According to Stevens, when the Mayo Clinic Enterprise evaluated antimicrobial prescribing practices in outpatient care within the system, they determined that respiratory tract infections made up a significant portion of overall antimicrobial prescribing.

Ryan W. Stevens

“As such, we decided to initially focus our improvement efforts on respiratory syndromes with specific emphasis on avoiding antimicrobial prescribing in those respiratory syndromes [that] generally should not be treated with antibiotic therapy (eg, bronchitis, bronchiolitis, rhinitis, etc.),” he said. “We began developing a bundle approach at an Enterprise level to address this issue; however, we allowed our local ASP champions at individual regions/facilities to decide on how to best implement these tools.”

Stevens explained that the bundle included a prescription pad for over-the-counter symptom management aimed at improving symptoms when antibiotics are not indicated, a prepopulated antimicrobial order panel aimed at improving prescribing when antibiotics are indicated, multifaceted educational tools and a comprehensive data model.

To assess the frequency of unnecessary antibiotic prescribing for tier 3 respiratory infection (URI) syndromes before and after this intervention, Stevens and colleagues conducted a quasi-experimental, pre/post, retrospective cohort study. All outpatient encounters of adult and pediatric patients between Jan. 1, 2019, and Dec. 31, 2022, from primary care, urgent care and emergency medicine specialties with a tier 3 URI diagnosis were included.

There were 165,658 tier 3 encounters throughout the study — 96,125 in the preintervention period and 69,533 in the postintervention period. The study showed that after the bundle implementation, the prescribing rate for tier 3 encounters decreased from 21.7% to 11.2% (P < .001).
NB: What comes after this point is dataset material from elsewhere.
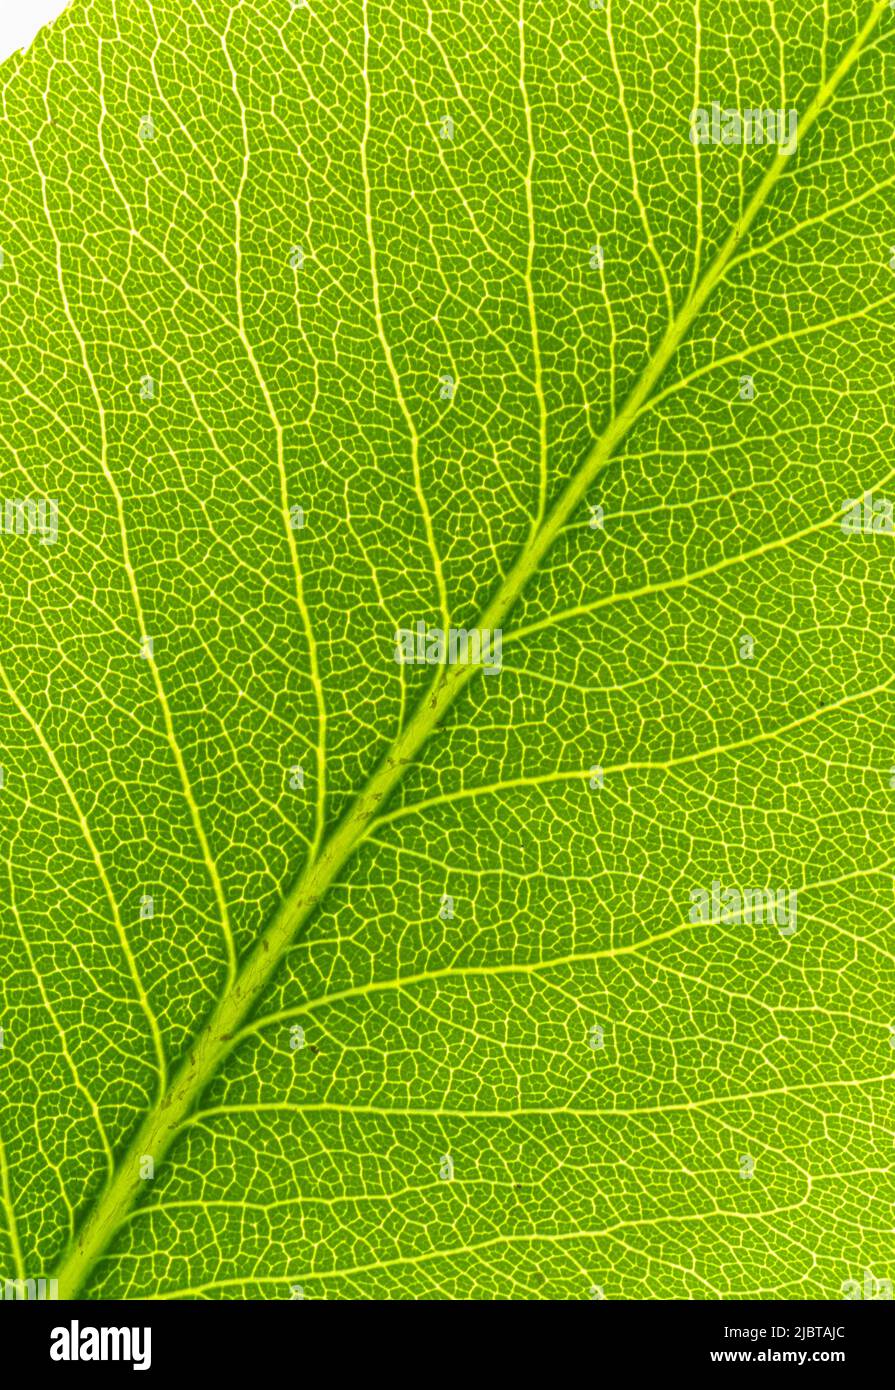 Pear tree leaf Stock Photo

Stevens added that these reductions were seen across all diagnostic categories and all care specialties evaluated.

The researchers also assessed repeat 14-day respiratory health care contact. Stevens explained that patients who receive an antibiotic at their index visit were less likely to have repeat contact with the health care system, although they observed a small decrease in the rate of repeat health care contact in the postimplementation cohort. Specifically, the study showed that repeat health care encounters decreased from 9.9% to 9.4% (P = .004).

“Even though antimicrobial stewardship implementation in outpatient care settings presents some unique challenges, it is of critical importance in ongoing efforts to preserve the utility of this valuable resource,” Stevens said. “Outpatient ASP can be complex given the large number of encounters, lack of centrality of staffing, lack of control over dispensing, and short duration of patient contact.”
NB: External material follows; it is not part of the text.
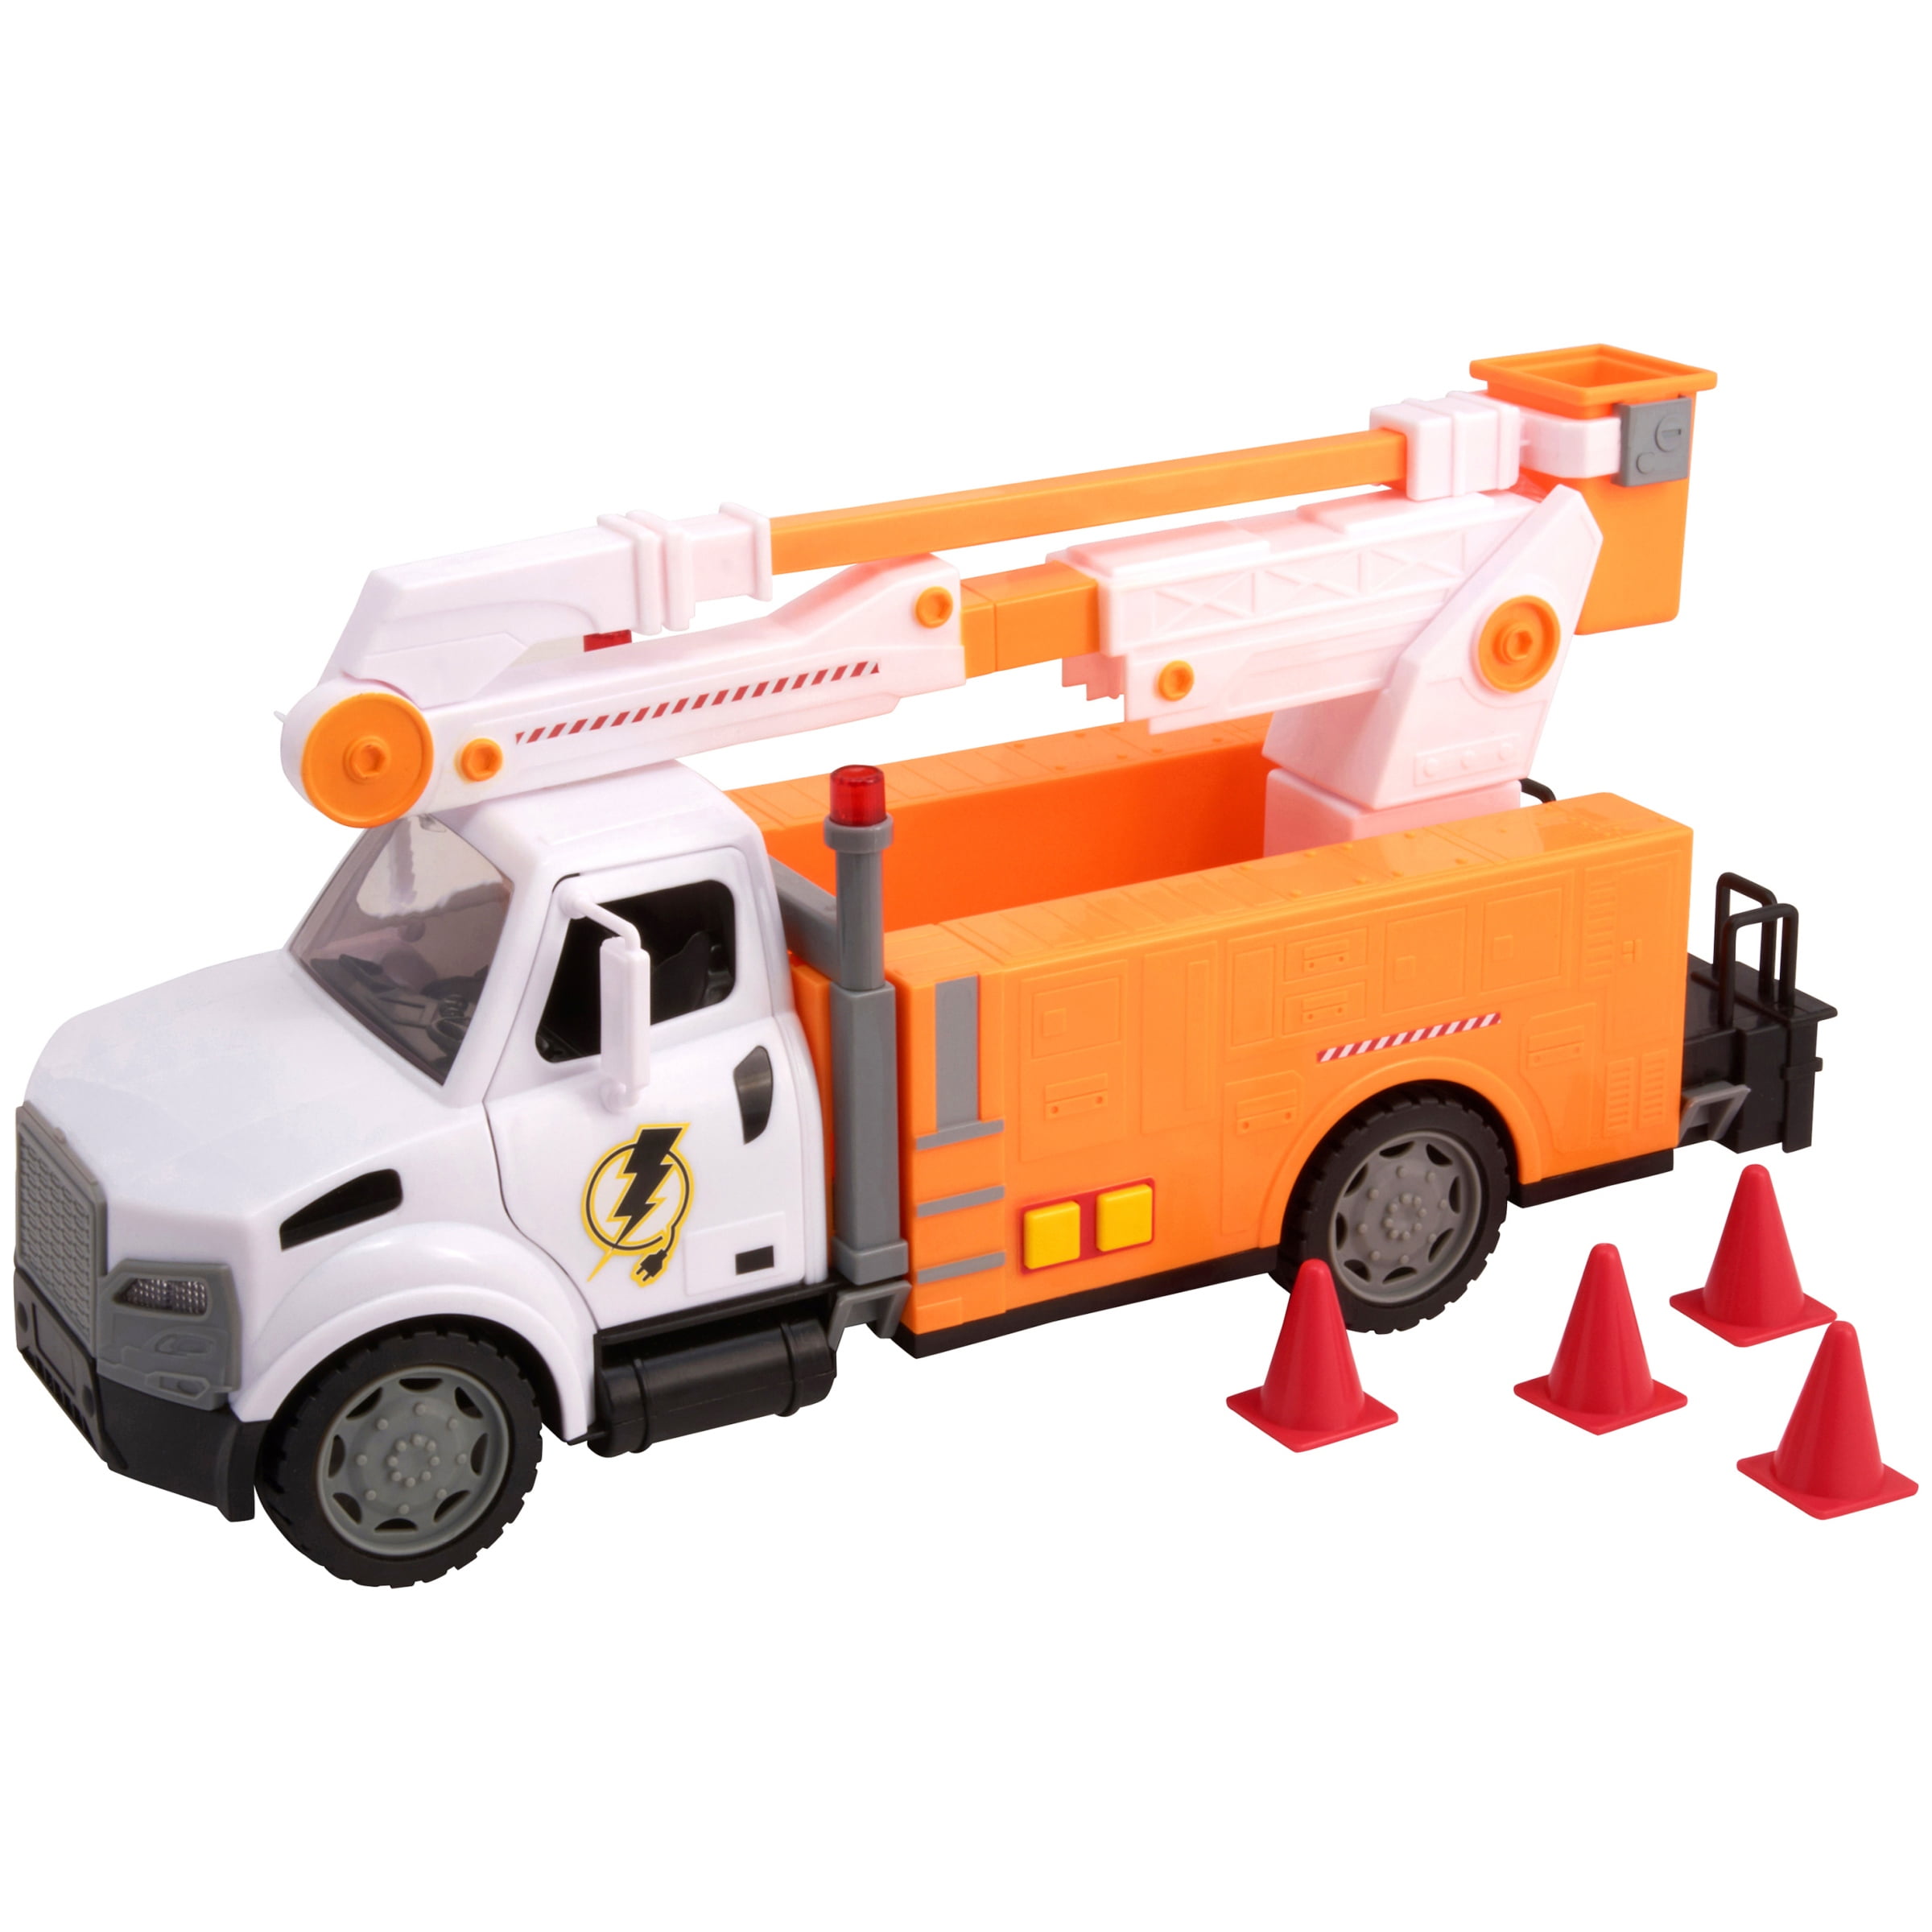 toy lineman truck

He added that data, metrics and benchmarking are not as well defined in the outpatient ASP space as compared with inpatient ASP, which he said can be “intimidating” for programs looking to stand up new initiatives.

“All of this considered, a comprehensive team with a specific goal with the right tools can have a tremendous impact on the quality of care provided and unnecessary or inappropriate antimicrobial prescribing,” Stevens said. “We estimate that our efforts prevented approximately 7,300 unnecessary antimicrobial prescriptions across the Mayo Clinic Enterprise in the postimplementation period.”